After the Justice League are lost in time and presumed dead, Batman recruits Major Disaster into a substitute Justice League group consisting of Nightwing, Green Arrow, Atom, Hawkgirl, Firestorm, Jason Blood, and Faith. Major Disaster later joins the Justice League Elite, a covert-ops arm of the Justice League led by Vera Black. Major Disaster is revealed to be alcoholic; during a battle with the Justice Society of America, he uses his powers while drunk, resulting in Hawkgirl being severely injured and Manitou Raven killed. At the end of the Justice League Elite series, Major Disaster resigns from the League.

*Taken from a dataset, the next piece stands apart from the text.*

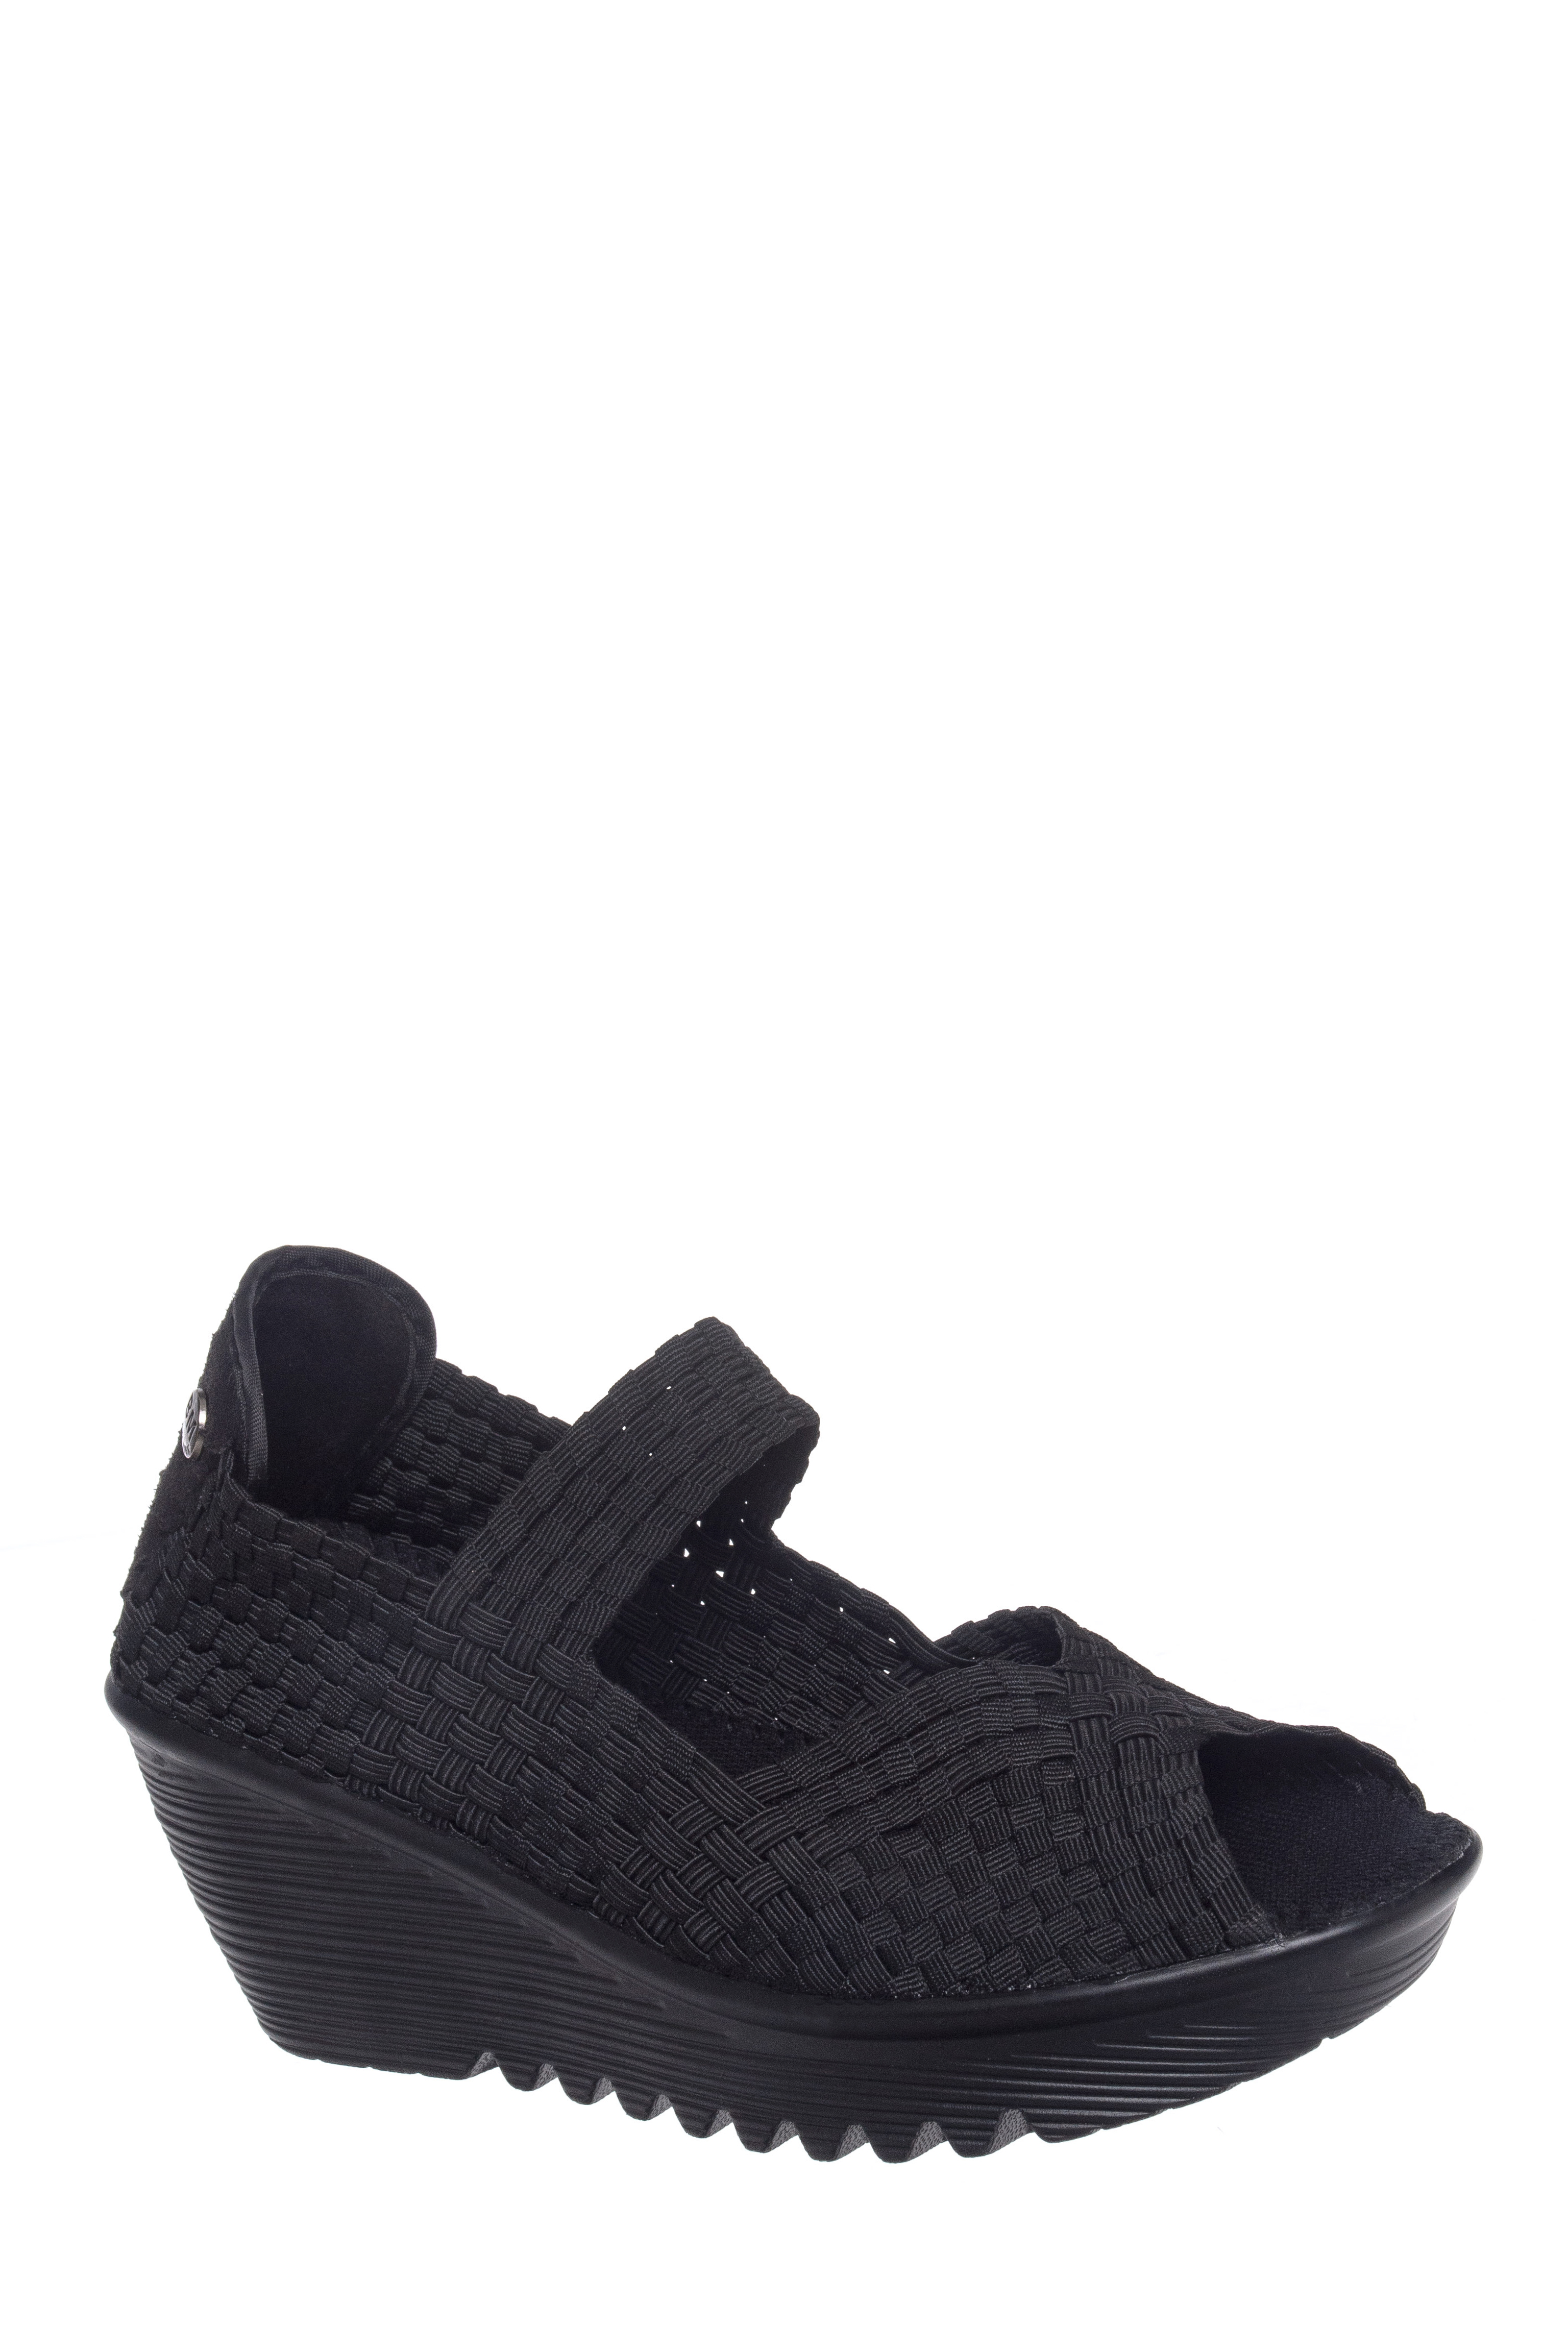 BERNIE MEV Hallie Mid Wedge Peep Toe Sandals - Black

In Infinite Crisis, Major Disaster is killed by Superboy-Prime. He is later resurrected as a Black Lantern during the Blackest Night event and attempts to seek revenge before Prime kills him using a black ring.

In 2011, The New 52 rebooted the DC universe. Major Disaster returned in Superman/Wonder Woman confronting the heroes alongside the Atomic Skull.

In 2016, DC Comics implemented a relaunch of its books called "DC Rebirth" which restored its continuity to a form much as it was prior to "The New 52". Major Disaster is revealed to have a daughter named Penny who debuted as Minor Disaster in the Harley Quinn comic, utilizing a H-Dial-resembling device called the Disaster Dial and teaming up with her neglectful father.

==Powers and abilities==
Major Disaster's powers originally came from a set of weapons he used to cause natural disasters. Over time, exposure to these weapons made the powers internalize and now Disaster can cause chaos at will. Disaster later makes a deal with Neron that greatly enhances his powers, enabling him to see the strands of chaos around him. The disasters he can now control theoretically range from being able to command asteroid showers without breaking a sweat to causing heart attacks, nose bleeds, and even making people trip up. He appears to have no real limitations, though he lacks fine control. He has devised a force field for himself, using his powers to redirect attacks, though he seems not to use it much. While Major Disaster is adept at creating chaos, it takes him great effort to stop disasters, whether his own or natural.

==In other media==
- Major Disaster makes non-speaking cameo appearances in Justice League Unlimited as a member of Gorilla Grodd's Secret Society before being killed by Darkseid.
- Major Disaster appears in Batman: The Brave and the Bold, voiced by James Arnold Taylor.
- Major Disaster appears as a character summon in Scribblenauts Unmasked: A DC Comics Adventure.